[[ Exercise materials open ]]

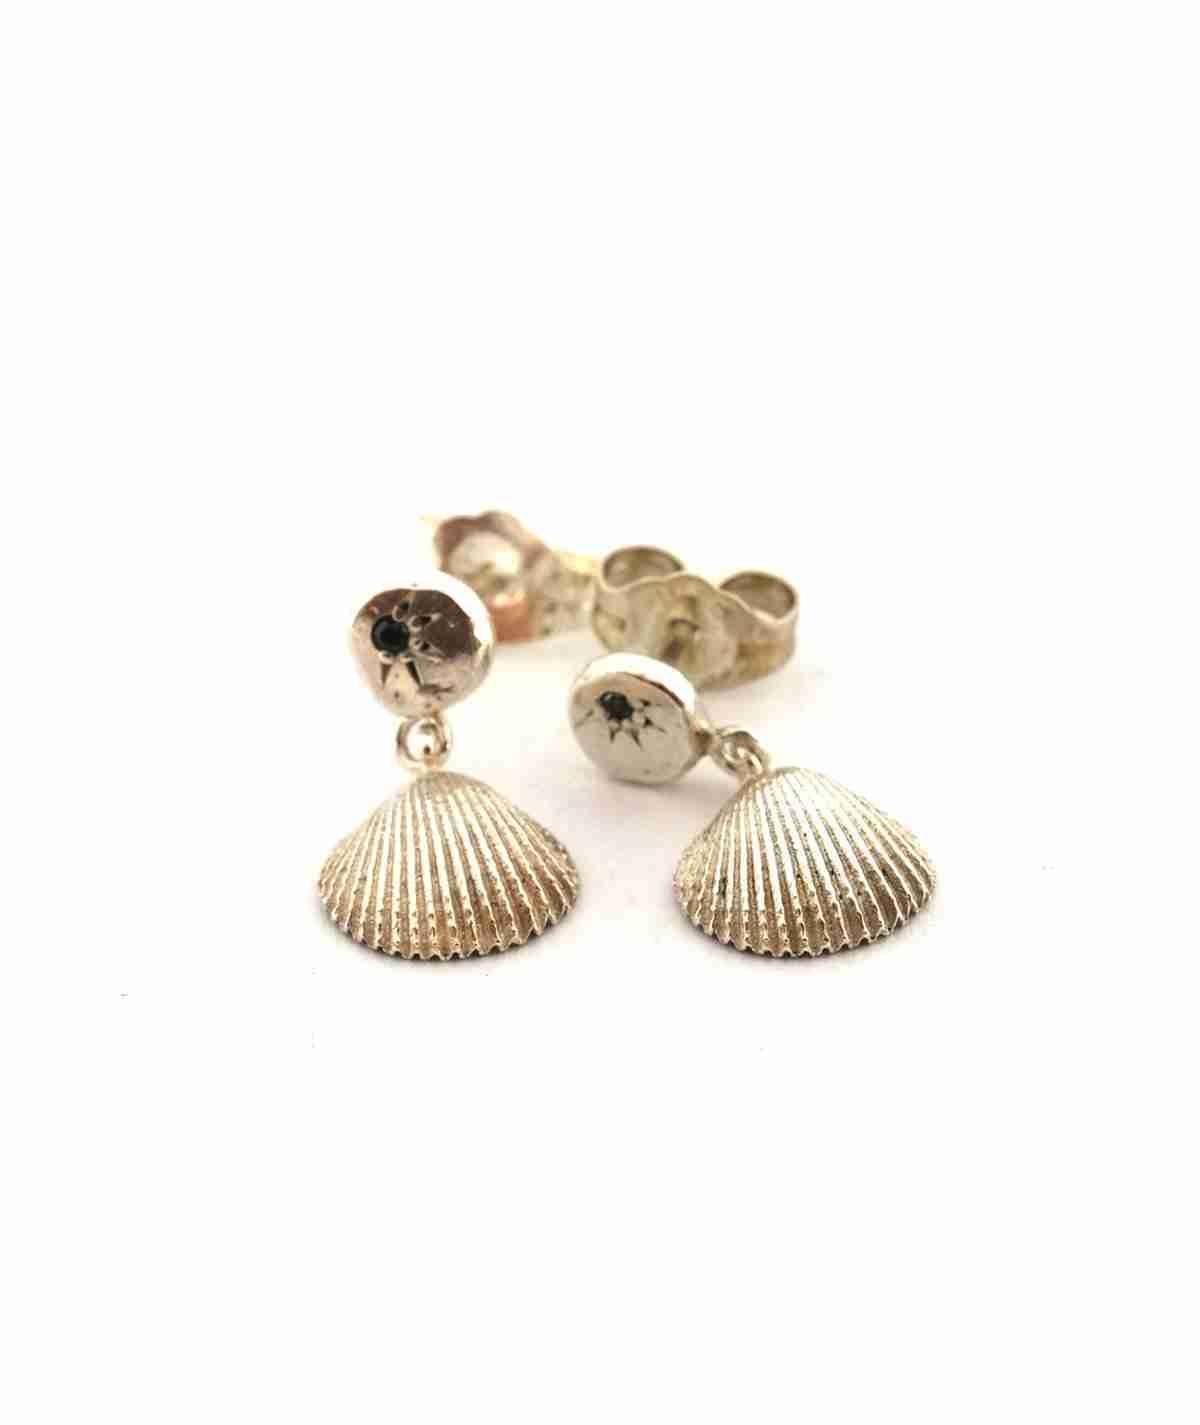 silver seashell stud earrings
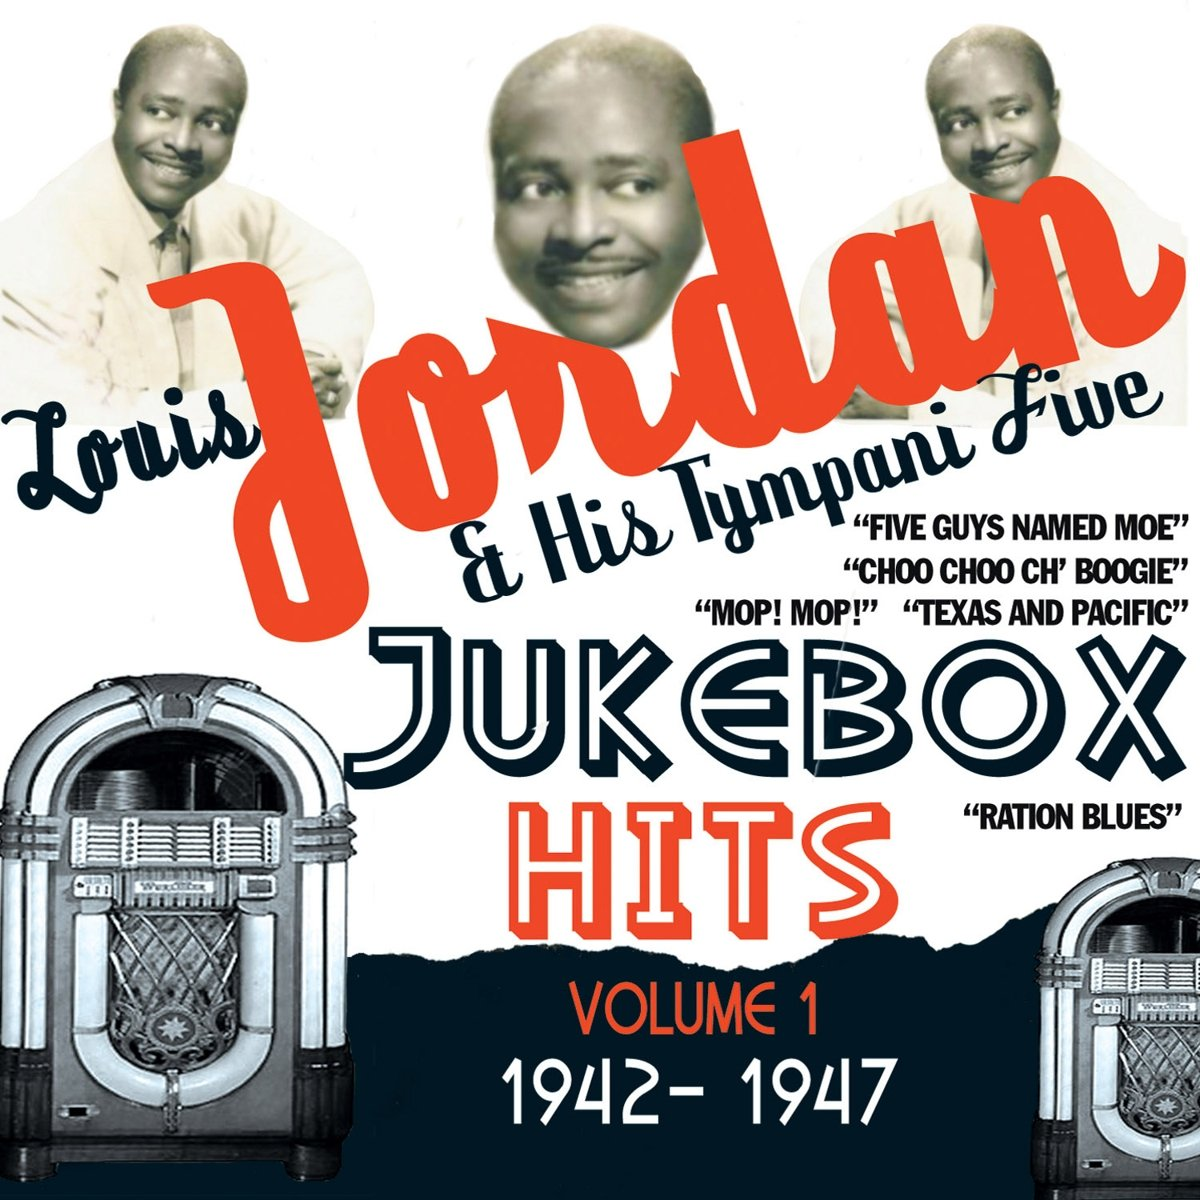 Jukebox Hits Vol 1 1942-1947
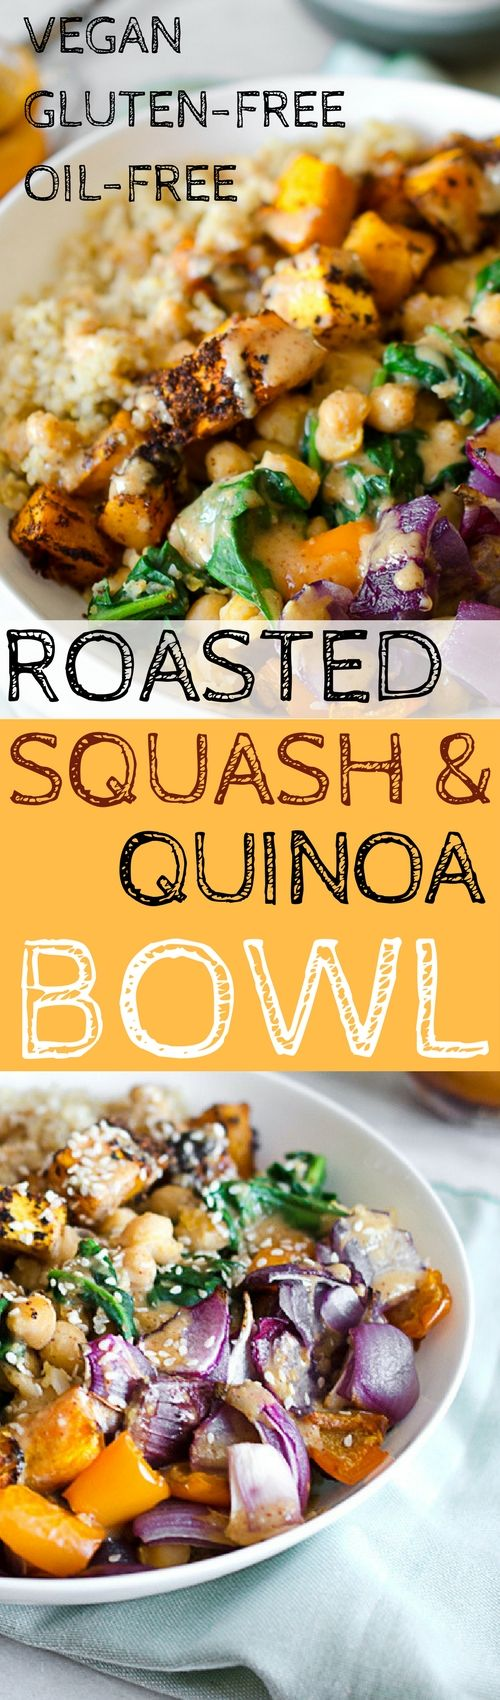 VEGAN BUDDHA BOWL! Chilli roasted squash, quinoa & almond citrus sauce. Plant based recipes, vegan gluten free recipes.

[[ Exercise materials closed ]]
[[ Exercise materials open ]]

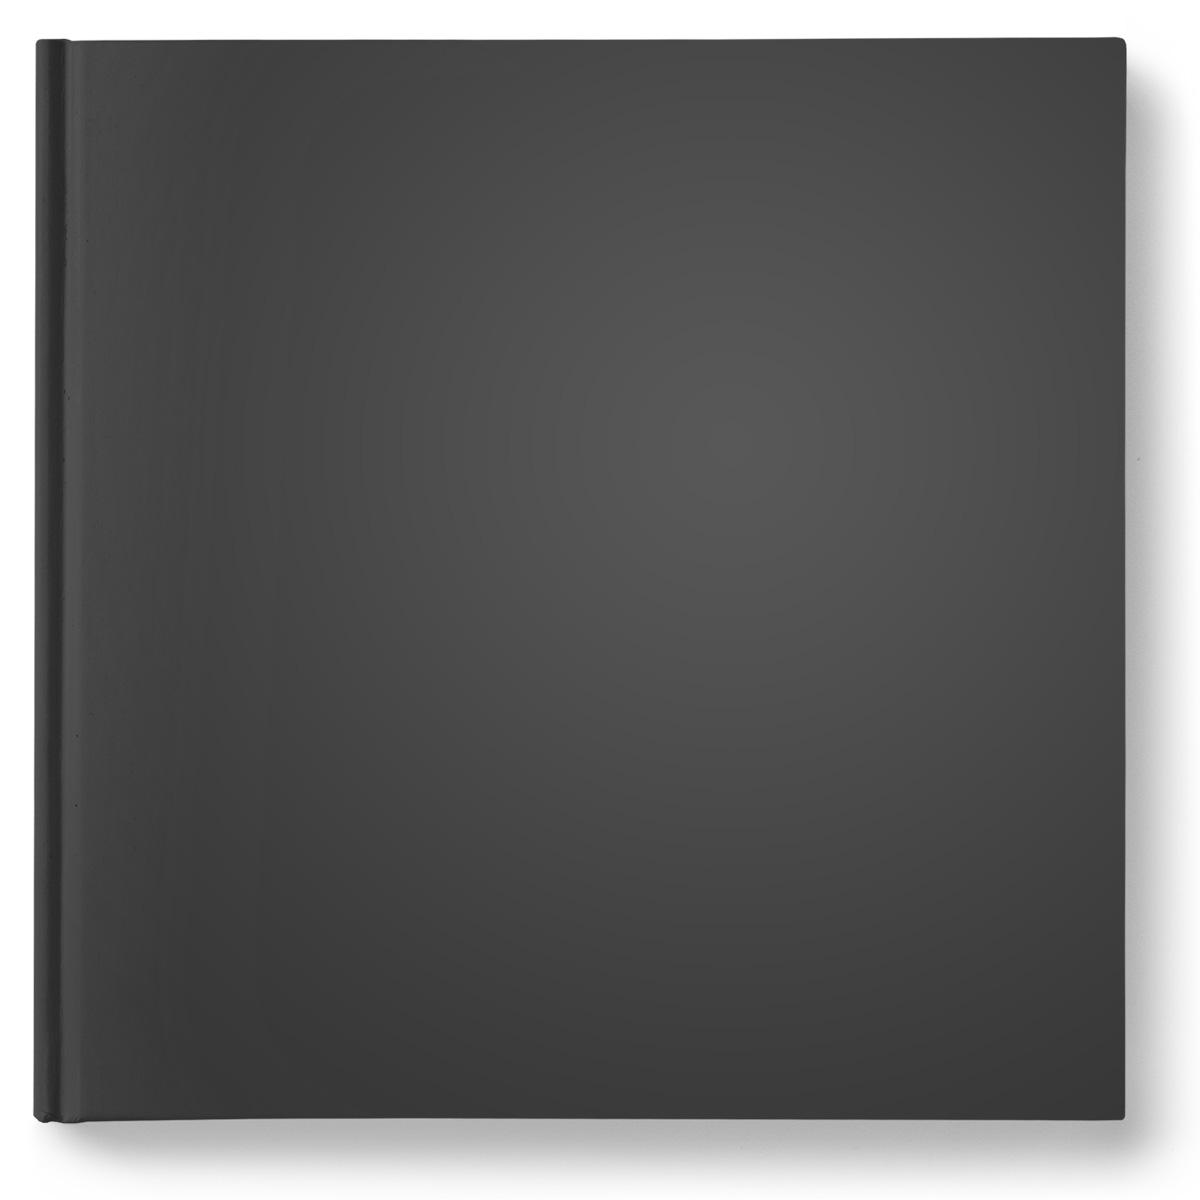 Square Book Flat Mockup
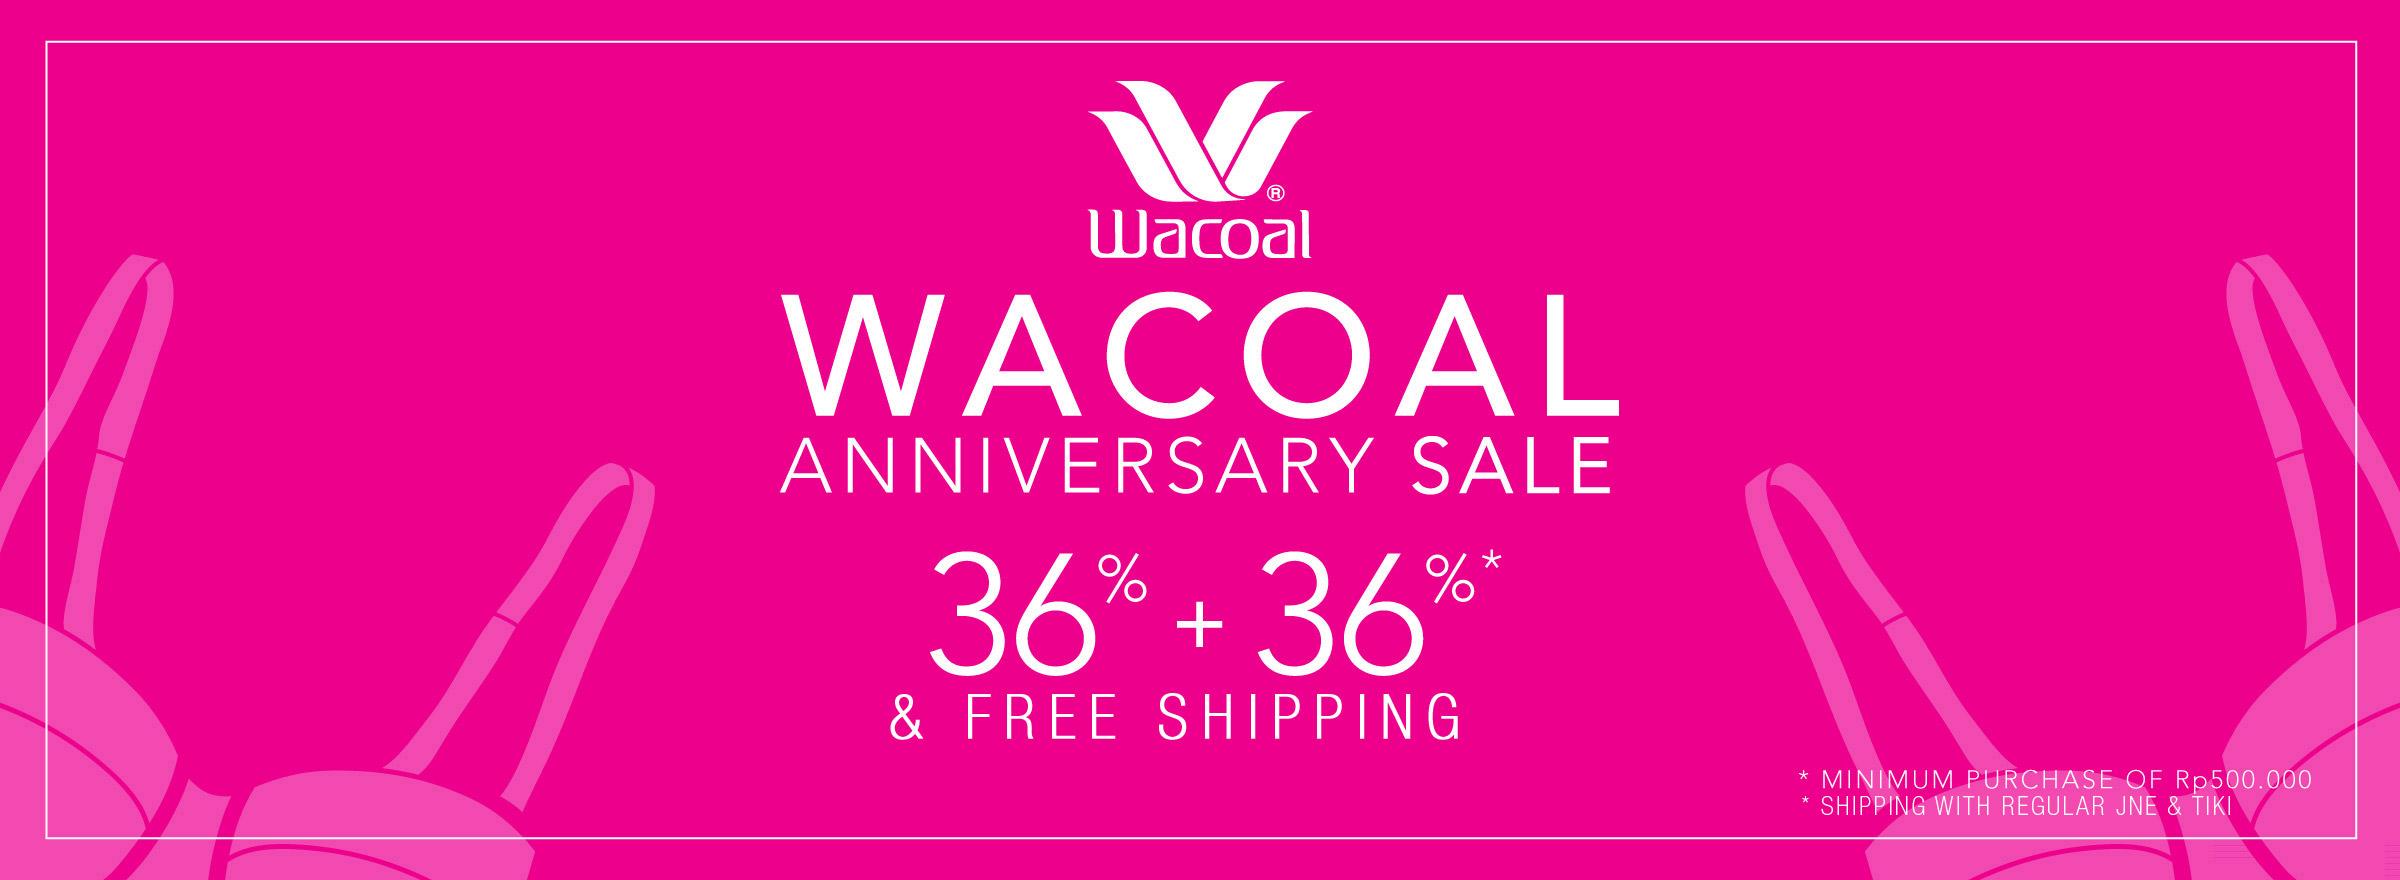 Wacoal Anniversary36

[[ Exercise materials closed ]]
[[ Exercise materials open ]]

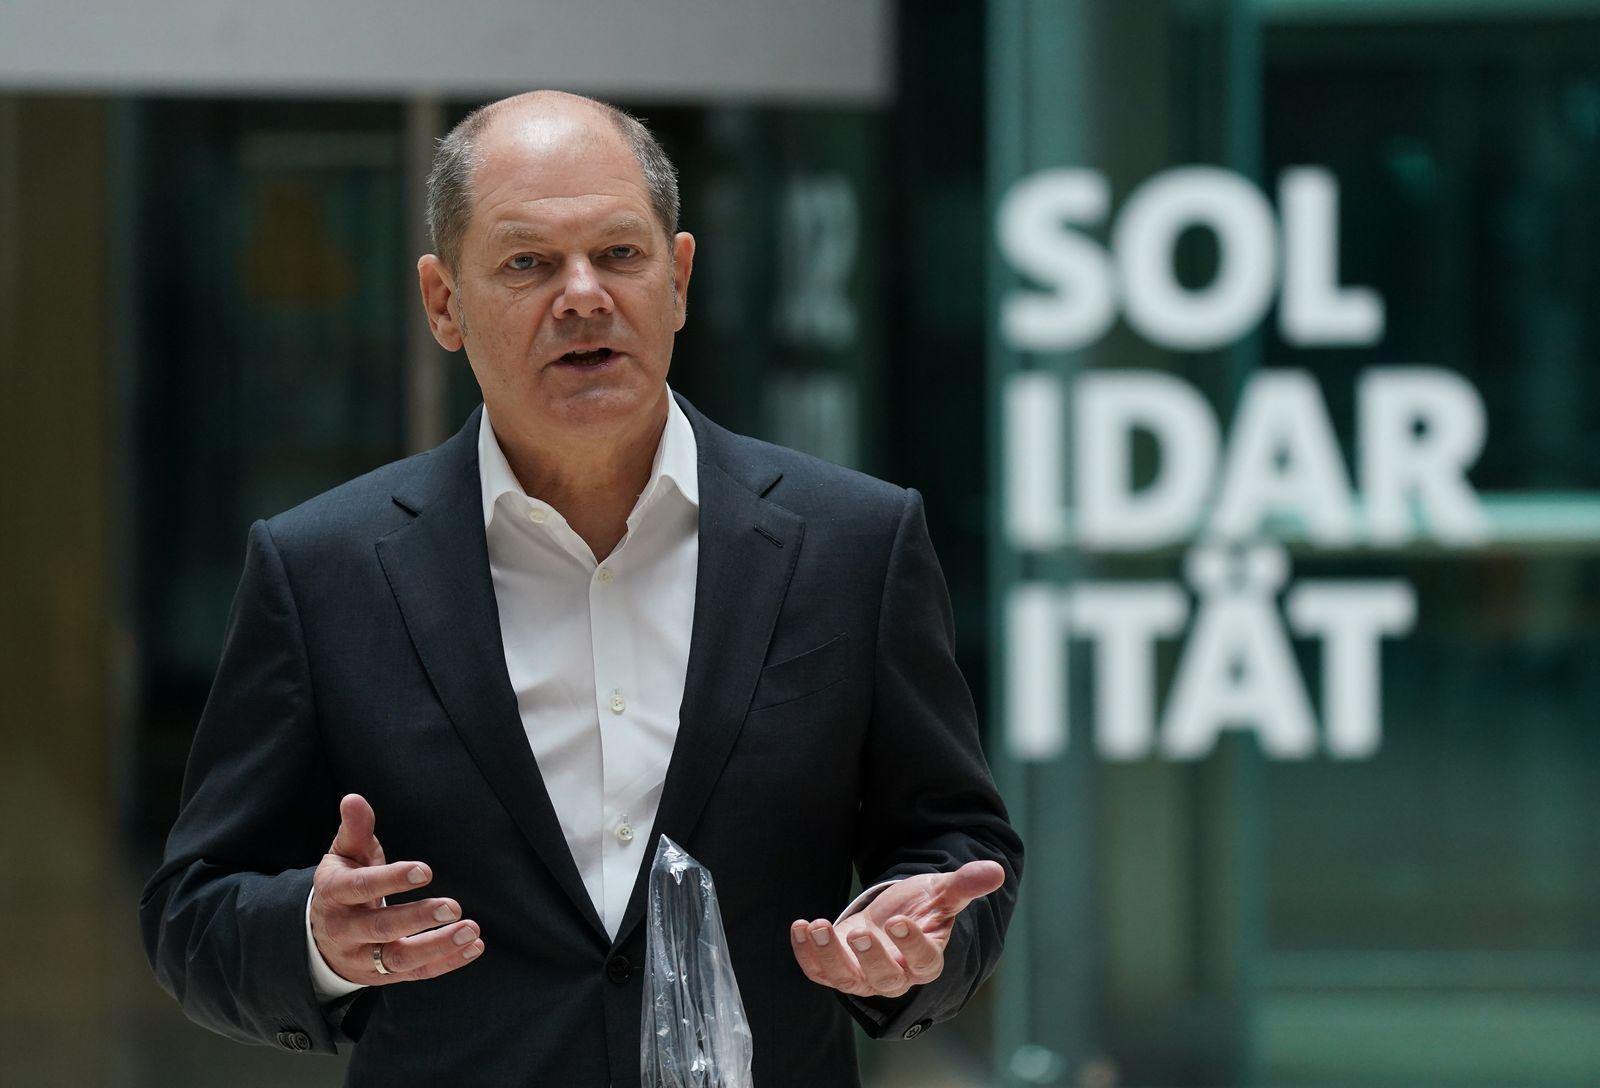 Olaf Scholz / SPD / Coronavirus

[[ Exercise materials closed ]]

Required work: Pictures do not belong in the answer. Return the lines above starting at the one with "silver seashell stud earrings" and ending at the one with "VEGAN BUDDHA BOWL!", both kept, exactly.

Answer to this exercise:
 silver seashell stud earrings
 Jukebox Hits Vol 1 1942-1947
 VEGAN BUDDHA BOWL! Chilli roasted squash, quinoa & almond citrus sauce. Plant based recipes, vegan gluten free recipes.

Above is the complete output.